To start off, we need to recruit qualified and good teachers. This means we need to have people who not only have the requisite degrees but also the desire to be teachers. But talent enters a field only if there are good returns to work in a field: which is why everyone wanted to be a doctor, engineer or CSS officer at one time. Teacher compensations and career paths have to be designed to take care of entry issues. Once teachers have entered the field, we have to ensure retention of good teachers. Again, this has to be done through proper design of career paths.

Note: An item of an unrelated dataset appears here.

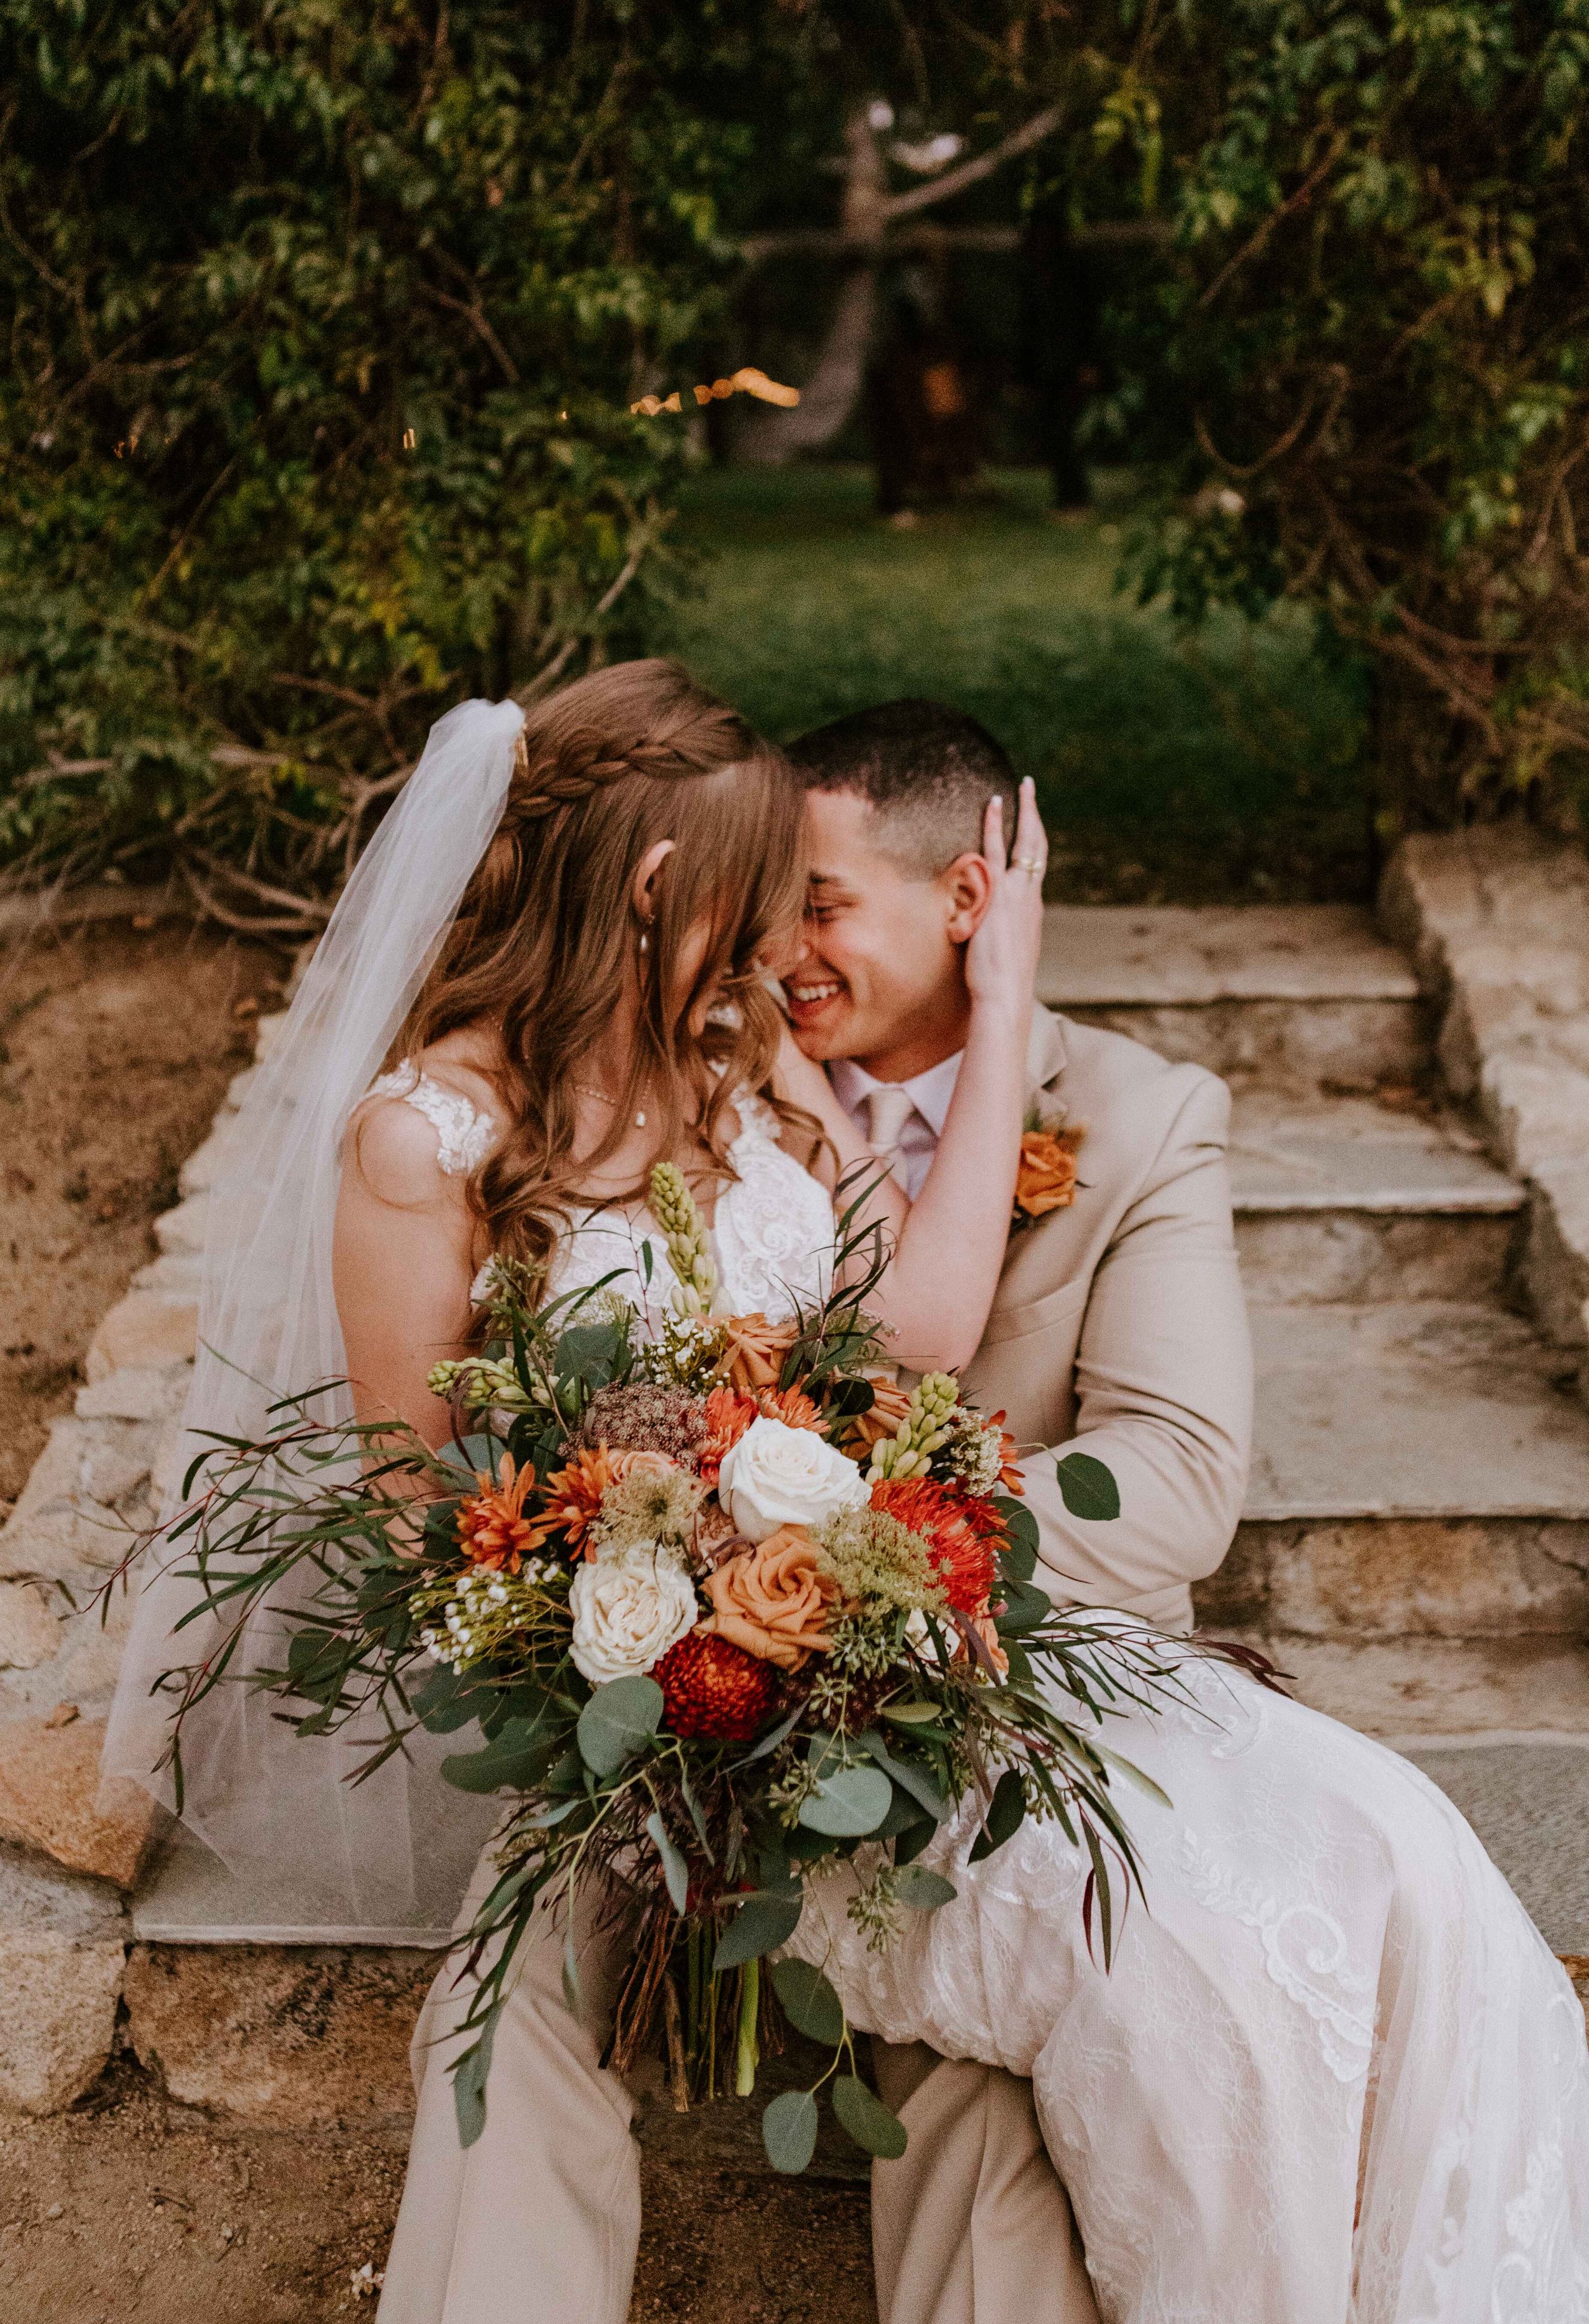 Secluded garden estate wedding in Pala, California sweet moment with bride and groom

The story does not end there. A qualified and trained teacher is no guarantee that she will teach well in class. We have to ensure that teachers show up in class, are motivated to teach, and are the role models for our children that we want them to be. This again requires a multi-variable monitoring/evaluation system and support system. Examination results alone are not enough to do the job. We need head-teachers, principals, peer group, parents and community to be involved in the monitoring/evaluation and support system for teachers.
Currently teachers in public sector have very few of the above mentioned in place. Teachers are not paid enough, do not have well defined career paths, have almost no effective monitoring and evaluation or support systems, and their career development has little or nothing to do with student achievements. Is it any wonder most public schools do not work? We should be asking as to why any public schools work.
There have been public sector teacher related reforms in other countries. The successful ones have some elements in common. They: a) make returns to teaching more attractive, b) offer suitable incentives for teacher retention and development, c) link compensations to teacher performance measured through student achievements, evaluations by students, head-teachers, principals, relevant administrative staff and sometimes even parents and members of the community. Without this sort of a broad and multi-pronged approach success at reform is hard to achieve.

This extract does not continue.